Optic discs of a 75-year-old woman with acute visual loss in the right eye (right optic disc on left, left optic disc on right). The right optic disc has mild pallid swelling and there is a nerve fiber layer infarct at 9 o’clock. The left optic disc is normal with cup:disc ratio of 0.5

Introduction

GCA is the most common primary vasculitis of the elderly in the Western world [1]. Visual symptoms due to GCA is a neuro-ophthalmic emergency. In up to 60% of patients, acute vision loss occurs [2]. There is an increased prevalence in Caucasian women over 50 years old [3]. There is evidence to suggest an increase in the number of patients being investigated for GCA [4]. Prompt diagnosis and urgent intervention with corticosteroids are of paramount importance to prevent blindness and stroke.

GCA affects large and mid-sized arteries, with a preferential effect on branches of the internal and external carotid arteries [5]. Headache, the most common symptom in patients with GCA, is believed to be due to inflammation of branches of the external carotid artery [6]. Jaw claudication, which has been shown to be the most specific symptom of GCA, is a consequence of ischemia to the masseter muscle supplied by the maxillary artery [7]. Ischemia of the retrolaminar portion of the optic nerve occurs at a watershed zone supplied by the short ciliary arteries and the ophthalmic artery [8]. On temporal artery biopsy the classic findings include necrosis of the internal elastic lamina of the vessel wall with granulomas containing multinucleated histiocytes and lymphocytes are seen. This marked inflammation causes direct occlusion or thrombotic occlusion of the affected vessels [9].

Arteritic anterior ischemic optic neuropathy (AAION) is the most common cause of visual loss due to GCA [10]. Other causes of visual loss include posterior ischemic optic neuropathy (PION), central and branch retinal artery occlusion, and choroidal infarction [11]. In contrast to nonarteritic AION, in AAION, the visual loss is often profound [12]. Disc edema may be present or absent (AION vs. PION respectively). When present, its classic appearance is one of chalky pallor, oftentimes associated with cotton-wool spots due to ocular ischemia. Additionally, the intraocular pressure may be reduced, and strabismus may be seen secondary to cranial nerve palsies, all secondary to ischemia [13, 14]. This case (Fig. 4.1) does not have the small “disc-at-risk” usually seen in NAION and thus the suspicion of AAION must increase considerably.

General Diagnostic Considerations

Acute visual loss in the elderly should be considered as temporal arteritis until proven otherwise. In these patients it is important to ask about a history of headaches, malaise, jaw claudication, fevers, and recent unintentional weight loss.

What Clinical Features Prompt You to Consider GCA?

Most patients with AAION present with acute and profound visual loss. Patients may also complain of prodromal symptoms of amaurosis, pain, or diplopia. The case presented with a history of preceding transient visual loss is especially important in that typically non-arteritic anterior ischemic optic neuropathy (NAION) is sudden, and not preceded by transient visual symptoms (e.g., amaurosis fugax). Any visual symptoms in the other eye are very worrisome and second eye involvement in untreated GCA can occur in up to 75% of untreated patients within days [11]. Patients may have headache, jaw claudication, scalp tenderness, fever, malaise, and unintentional weight loss [15]. A large proportion have coexisting polymyalgia rheumatica [15].
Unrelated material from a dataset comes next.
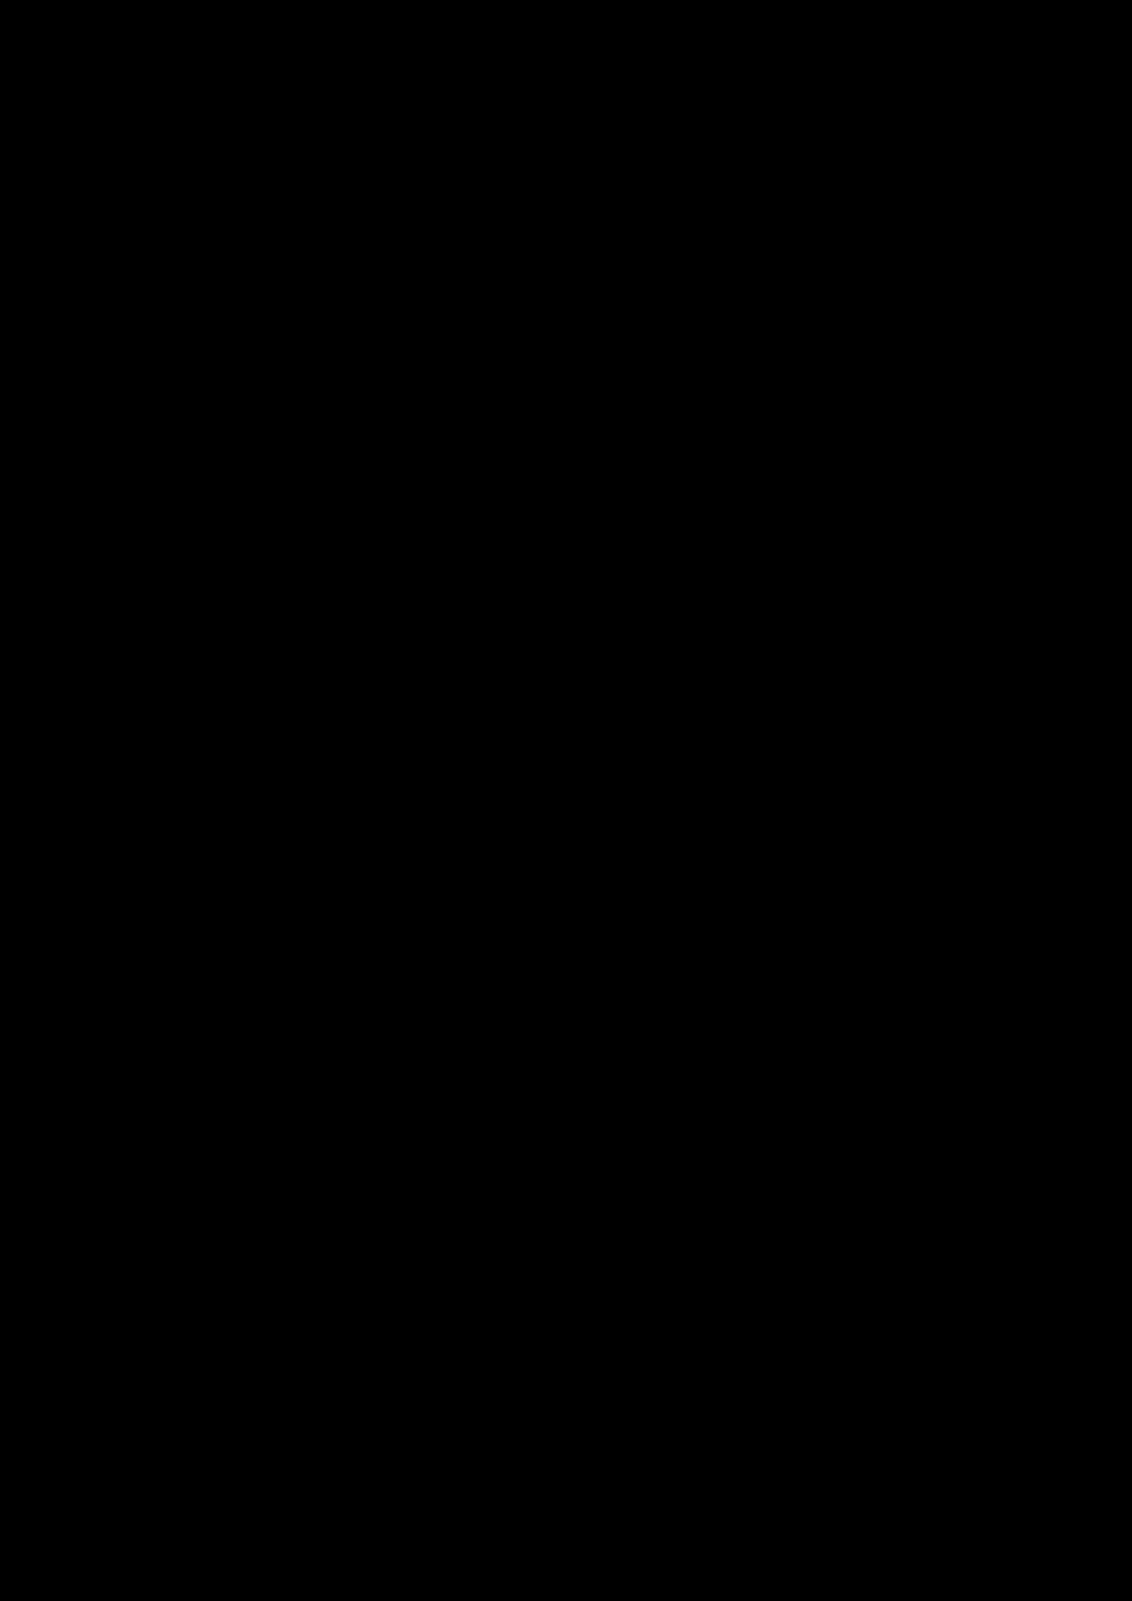 Prolog slide, Image 25

Up to a fourth of patients with GCA will have visual complaints only, without systemic symptoms (i.e., “occult” GCA) [16] and present a diagnostic challenge [17]. Therefore, ophthalmologists and other health care providers need to always have GCA on their “clinical radar”, and consider ESR and CRP testing even in patients who voice no systemic complaints.

What Investigations Do You Typically Order When You Are Concerned About GCA?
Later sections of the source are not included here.